TACJu / TransFG

This is the official PyTorch implementation of the paper "TransFG: A Transformer Architecture for Fine-grained Recognition" (Ju He, Jie-Neng Chen, Shuai Liu, Adam Kortylewski, Cheng Yang, Yutong Bai, Changhu Wang, Alan Yuille).
MIT License
382 stars 88 forks source link

Batch_size is 16 or 64? #15

Open qilong-zhang opened 3 years ago

qilong-zhang commented 3 years ago

Hi @TACJu, I notice you apply DDP with 4 GPUs in train.py.
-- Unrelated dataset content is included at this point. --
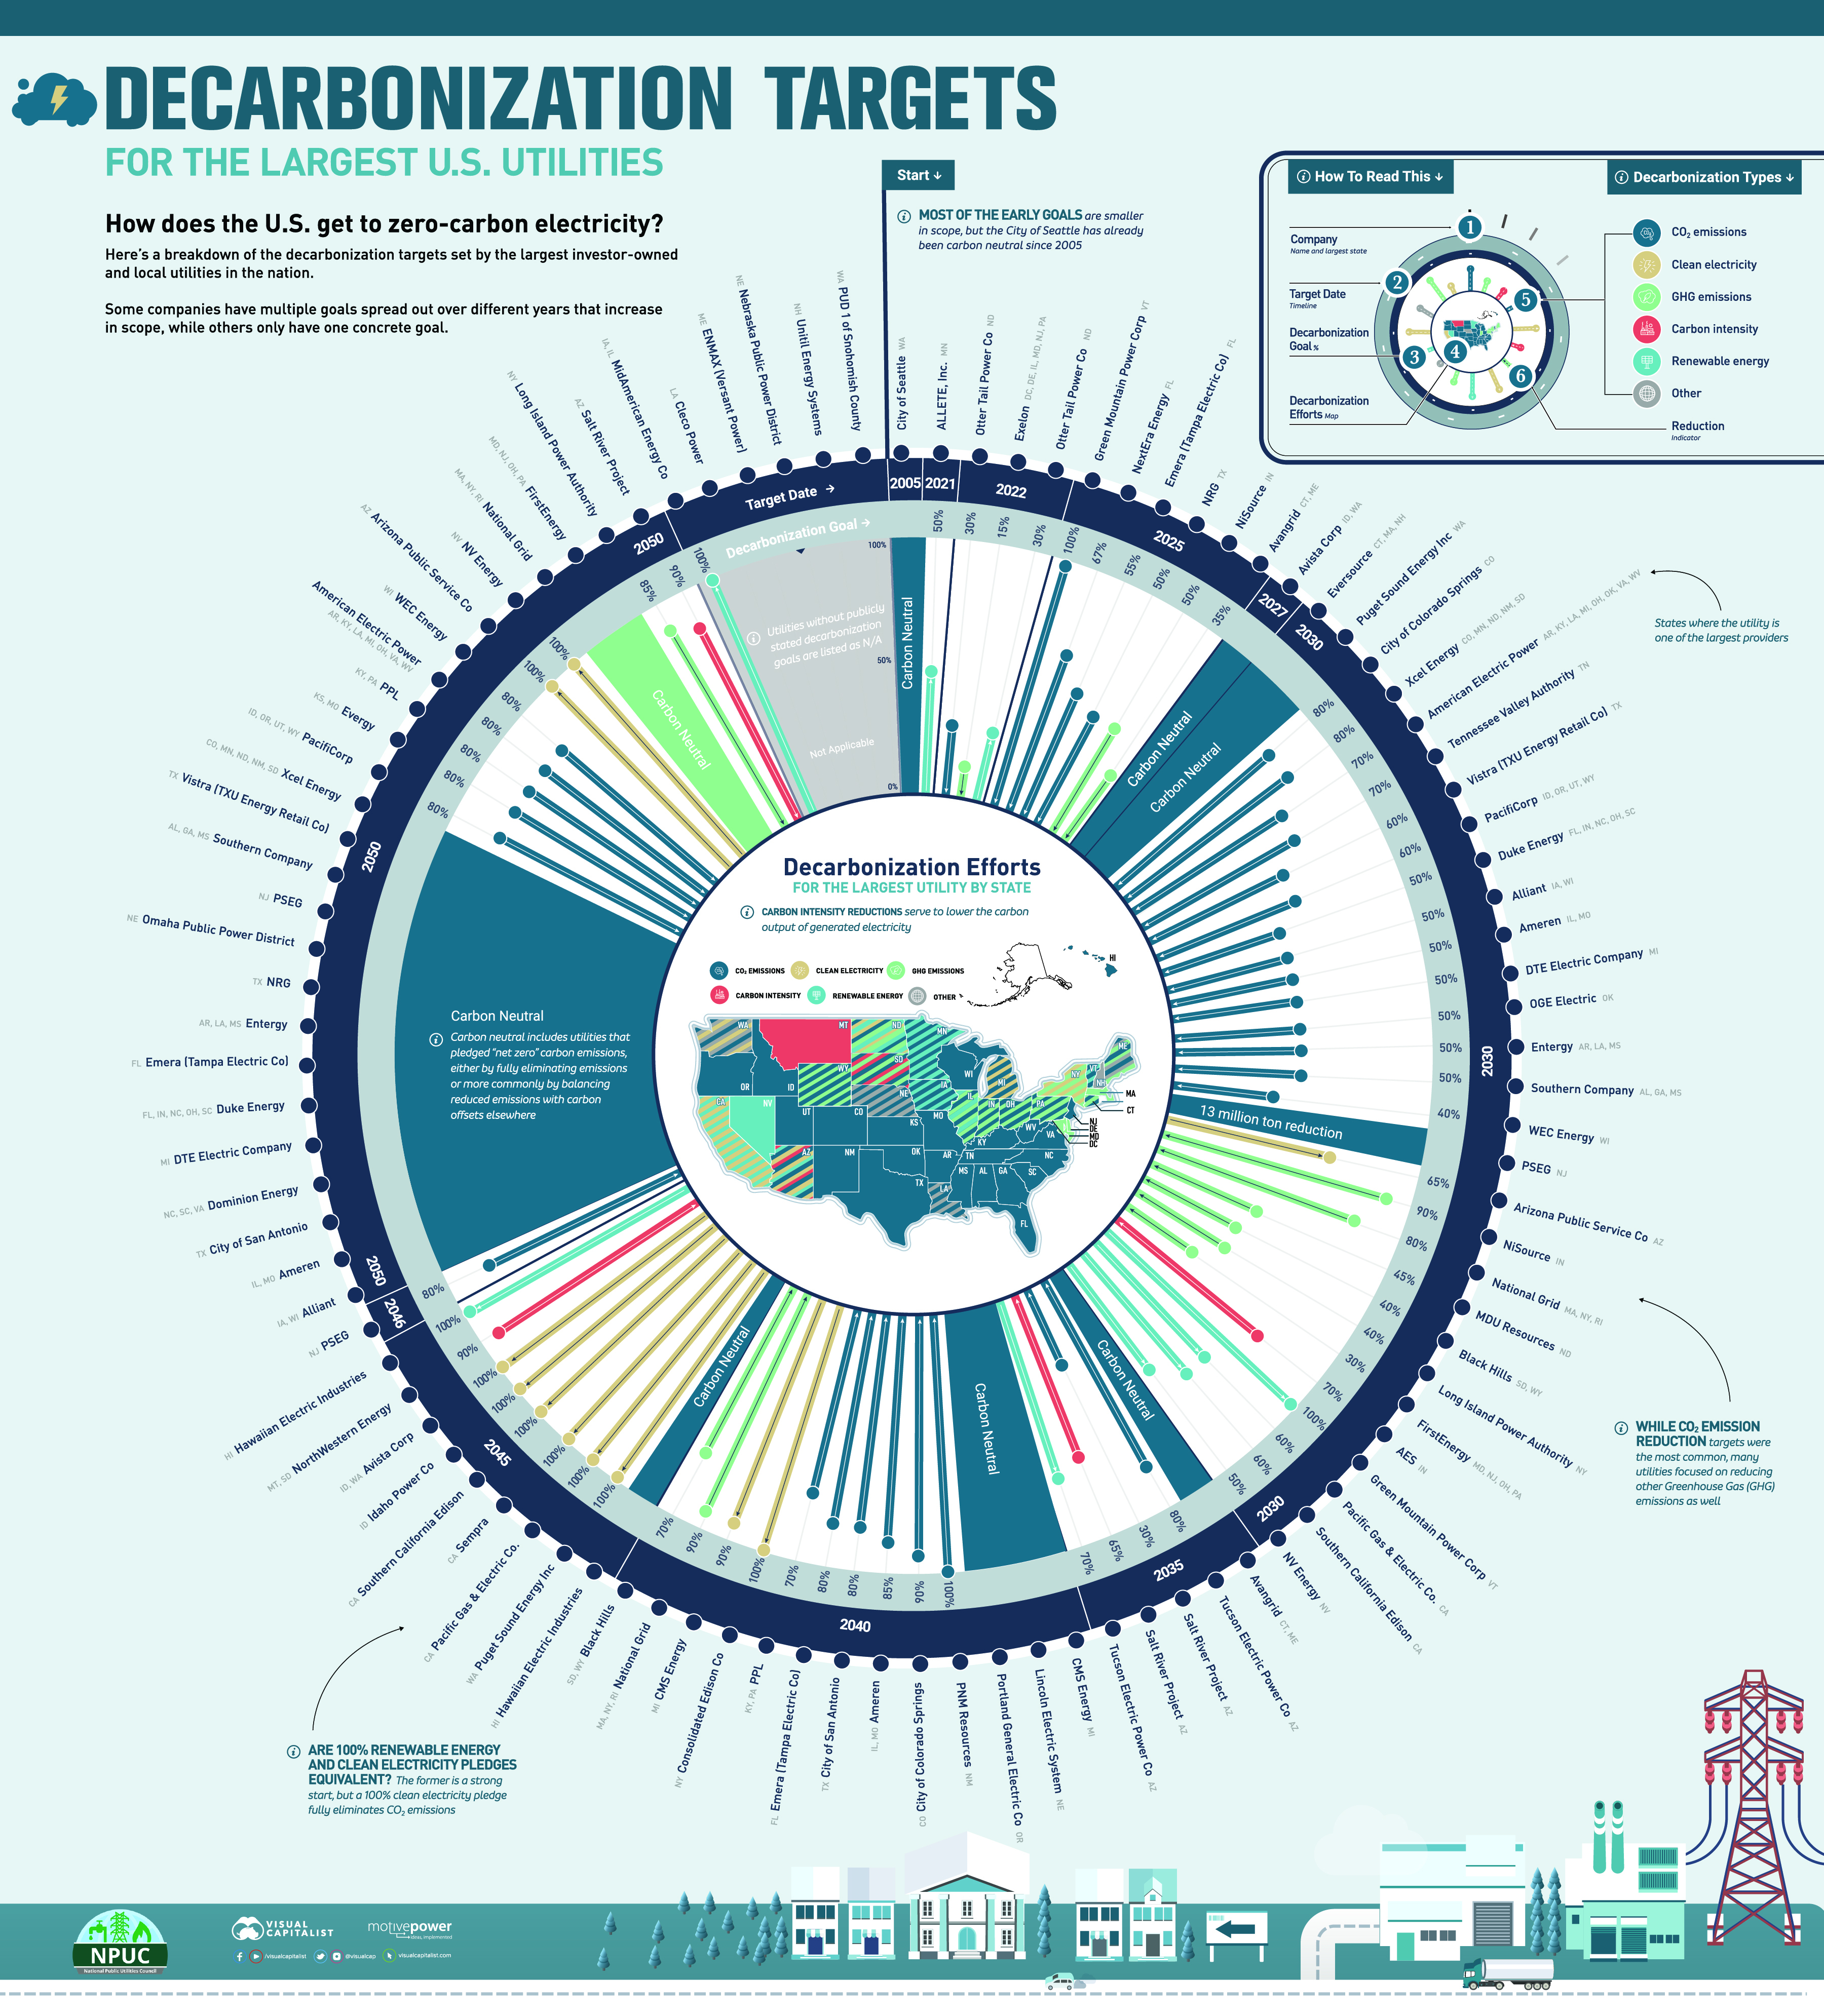 NPUC - Decarbonization Utilities Map
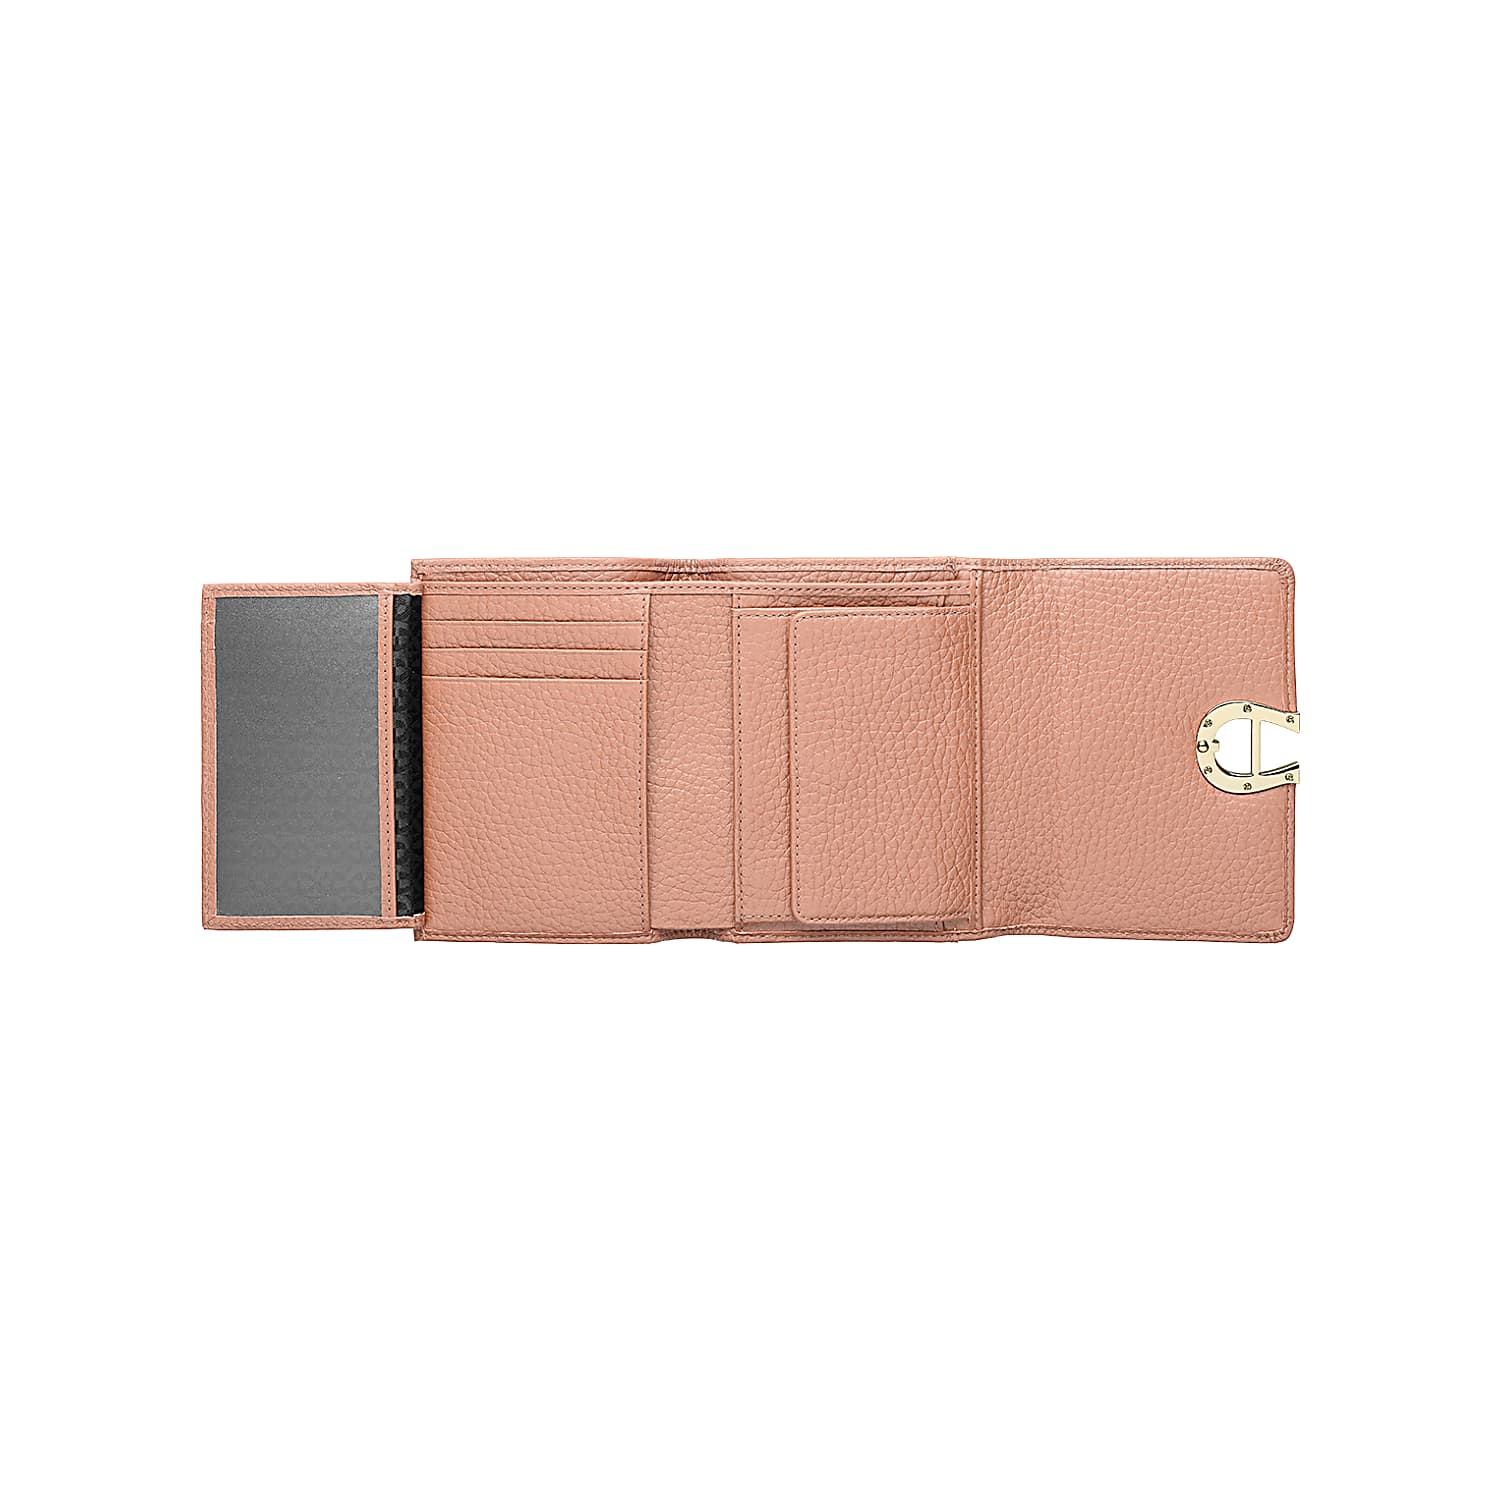 Milano combination wallet

Therefore, if the batch_size in args is set to 16, then the overall batch_size will be 16x4=64. However, in your paper, you say that the batch_size is 16. I also try batch_size 16x4 on Tesla V100, but OOM will be raised, so I wonder batch_size is 16 means 16 or 64? thanks!

slothfulxtx commented 2 years ago

Maybe the batch_size is 16*4 = 64. I run the code with batch_size=4*4 , and the accuracy on the CUB_200_2011 dataset is only 90.9\%. After changing the batch_size to 4*8 (limited by memory, 4*16 cause OOM on my server with 4 RTX3090 GPUs), the accuracy raises up to 91.4\%.